Retrospective Building Control Approval - 2x Internal Walls

- I am purchasing a 3-bed semi-detached house built in the 1930s.
- Two internal walls have been removed.
(i) Kitchen to Dining room
(ii) Dining room to living room
- One of the walls is load-bearing.
- Sellers do not have Completion Certificates or any form of Building Approval, or any knowledge of when work(s) was done, but the latest one was done over 1.5 years ago.

Q. As the buyer, upon transfer of property, what tradespeople do I need in order to secure Retrospective Building Approval? Also, what are the estimated costs for this?

Asked by E on 22nd Aug 2023
Expert Trade Answers
"As the buyer, it's great that you're considering securing retrospective building approval for the modifications made to the house. While I'm not a professional in this field, I can provide some general information to guide you. It's important to consult with local authorities and professionals for specific advice tailored to your situation. Here are some steps you can consider:

1. Consult with a Structural Engineer: Engaging a structural engineer is crucial to assess the load-bearing wall and determine the necessary measures to ensure its stability. They can also provide guidance on any required structural modifications.

2. Contact a Building Surveyor: A building surveyor can review the property, assess the modifications made, and advise on the necessary steps to obtain retrospective building approval. They will also guide you through the application process.

3. Building Regulations Application: Based on the recommendations of the structural engineer and building surveyor, you'll need to submit a building regulations application to the local authority. This application typically includes detailed plans, structural calculations, and other required documentation.

4. Building Control Inspections: Once the application is approved, building control inspections will be conducted to ensure the modifications comply with current building regulations.
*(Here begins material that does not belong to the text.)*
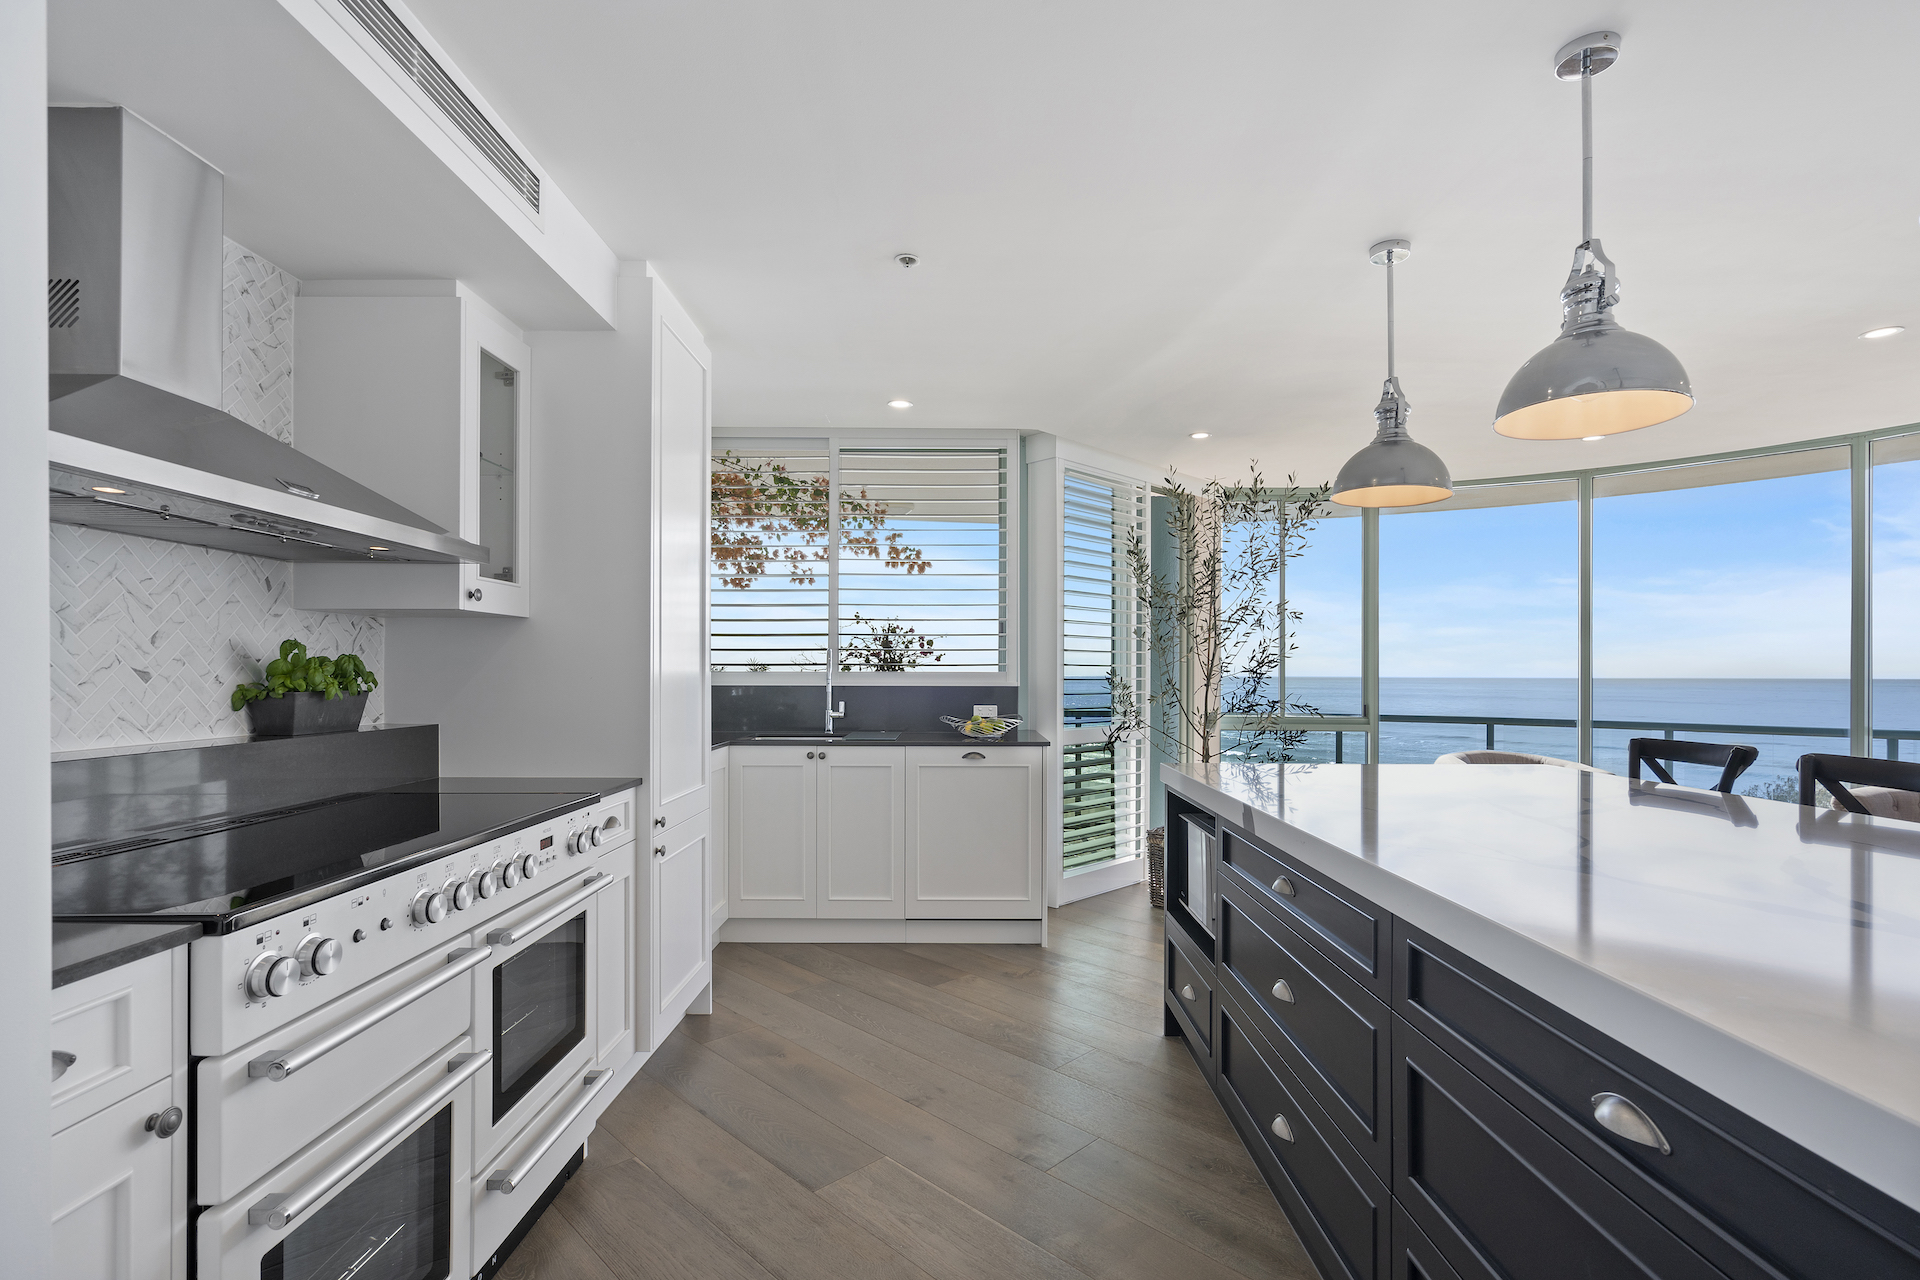 Hamptons kitchen renovation Gold coast

These inspections may involve multiple visits at various stages of the work.

5. Costs: The costs associated with securing retrospective building approval can vary depending on factors such as the extent of the modifications, the area you live in, and the professionals you engage. It's advisable to obtain quotes from structural engineers, building surveyors, and any other professionals involved to get an estimate of the costs involved.

Remember, it's essential to consult with local authorities and professionals who can provide accurate guidance based on your specific circumstances. They will be able to provide more detailed information regarding the process and estimated costs involved in obtaining retrospective building approval for the specific modifications made to your house"
Answered on 15th Sep 2023 - Member since Sep 2023 - report
"we can help you with the project we can come and do inspection and give your report if okay or give you report what would be required to make things okay . we might make small hole on the wall if required
our fee would be 550. but you can also buy insurance for the two items and care on with the project with our engaging structural engineer if the other part accepts it"
Answered on 22nd Aug 2023 - Member since Dec 2022 - report
"Internal wall changes are not so much a planning issue. It is however an issue for the state of the property if they have compromised the structural integrity of the property. Another common issue can arise if this is an ex Council property as it becomes a license issue and you would have contractual responsibility with the Council to reinstate it."
Answered on 21st Jun 2024 - Member since Jun 2024 - report
"There is a time limit that dictates whether you need to apply for retrospective planning permission - known as the 4-year rule or 10-year rule.

This means that retrospective planning permission may not be required if these time limits have been reached although clarification may be required from a structural surveyor if you are concerned about the safety of the alterations

If you do want to assess the work for safety concerns prior to purchase you would need to employ a structural surveyor and thereafter if retrospective planning is required there would be other costs (normally around £400 application fee plus architectural drawings. Potentially expensive so unless you have safety concerns wait for the 4 year rule to kick in."